Evan H. Clarke is showing no signs of slowing down.
The Calgary native has been playing music for over half of his life. His story as a musician dates back to his time in the eighth grade where he delved into the world of Led Zeppelin and took inspiration from John Bonham to begin playing the drums.
As the years went on, Clarke took it upon himself to learn to play a plethora of other instruments including bass, electric and acoustic guitar, banjo, harmonica and piano. Having paired this ability to play with the knowledge of mixing and mastering at a young age. In Clarke’s own words, he is “music-obsessed.”
Clarke’s most recent release was his debut to Spotify, a 10-track album, Maverick, released in April of this year. As per usual, Clarke was at the helm of production for his latest project, citing Pro Tools and Logic as his go-tos for putting together his tracks.
Prior to the COVID-19 pandemic, Clarke was in the process of rehearsing for shows to perform his Maverick album for the first time. It would have been his first time singing while playing the drums, seeing Clarke taking a new direction in his array of musical abilities, as he “should be coming close to my 10,000 hours.”
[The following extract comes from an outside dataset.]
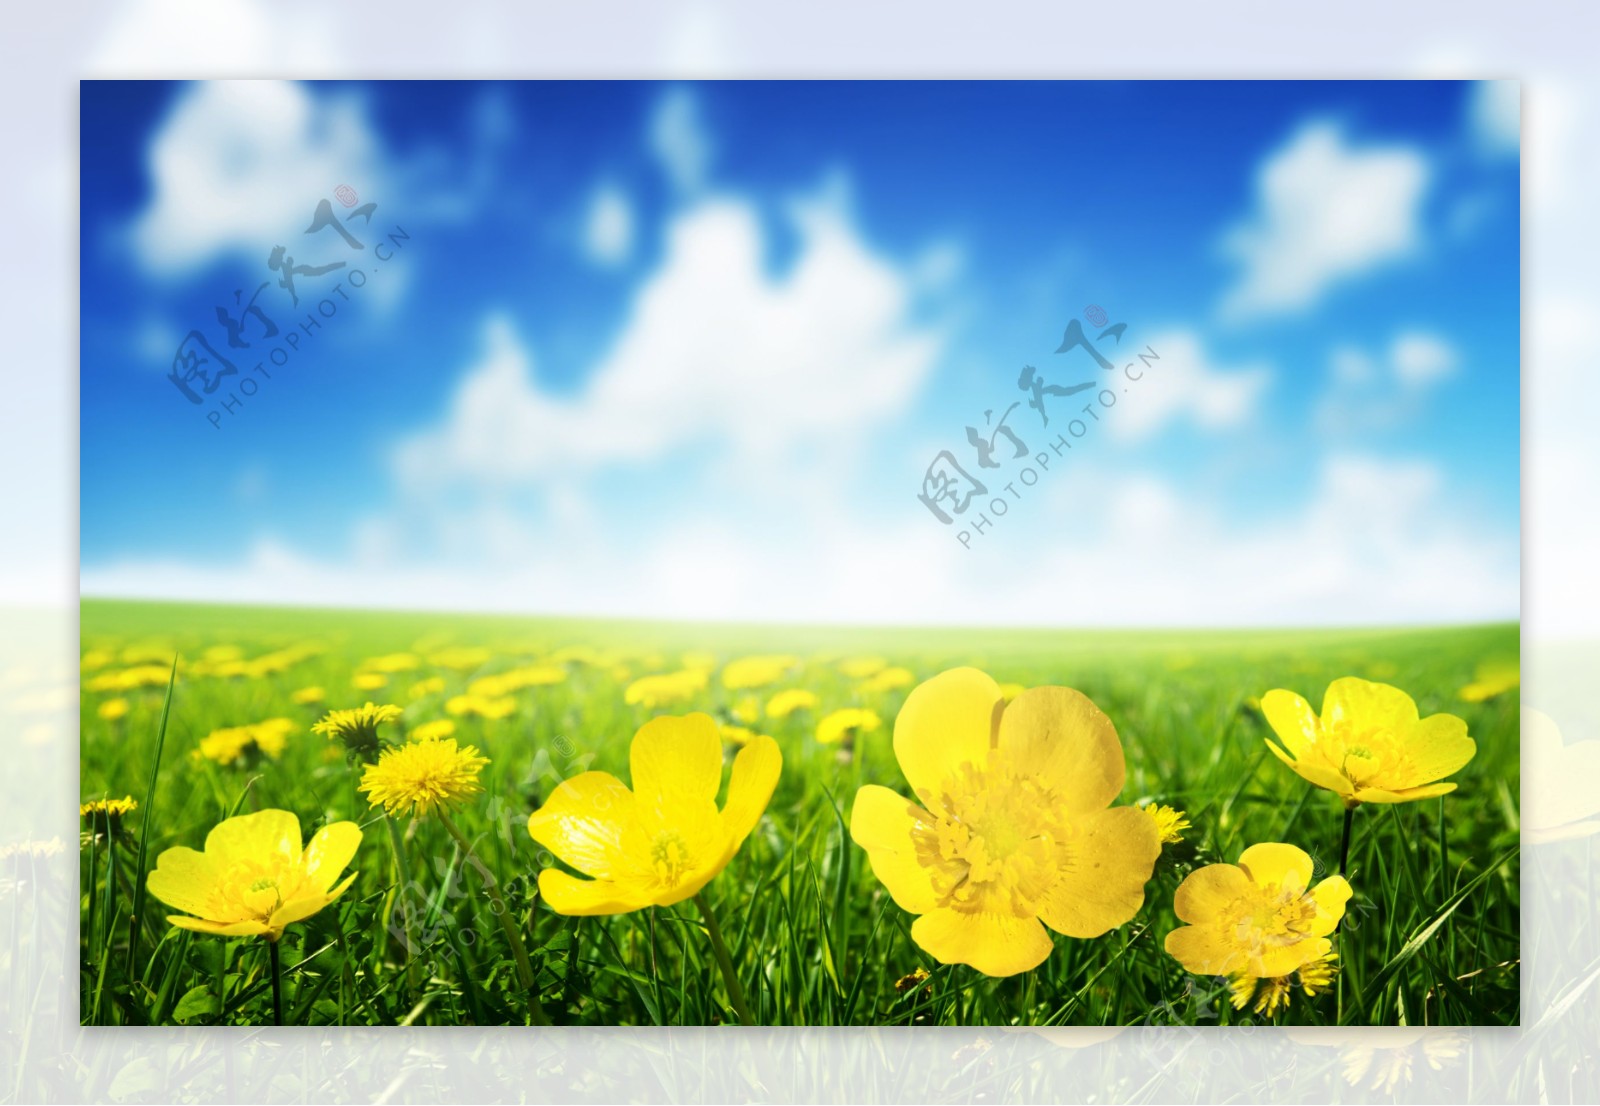 蓝天白云与鲜花草地背景图片

Now at 29, Clarke is in his final year of study at Concordia as a double major in Communications and Irish Studies. Through his twenties and his time as a Concordia student, Clarke hasn’t slowed down at all, releasing projects at a consistent pace and keeping the flame burning in his passion for music. Even with a variety of different EPs and two full-length albums under his belt, it is only the beginning for the artist. With big plans for the near future, Clarke continues to record for new projects and even aims to release electronic music someday as well.
We spoke to Clarke about his world of music.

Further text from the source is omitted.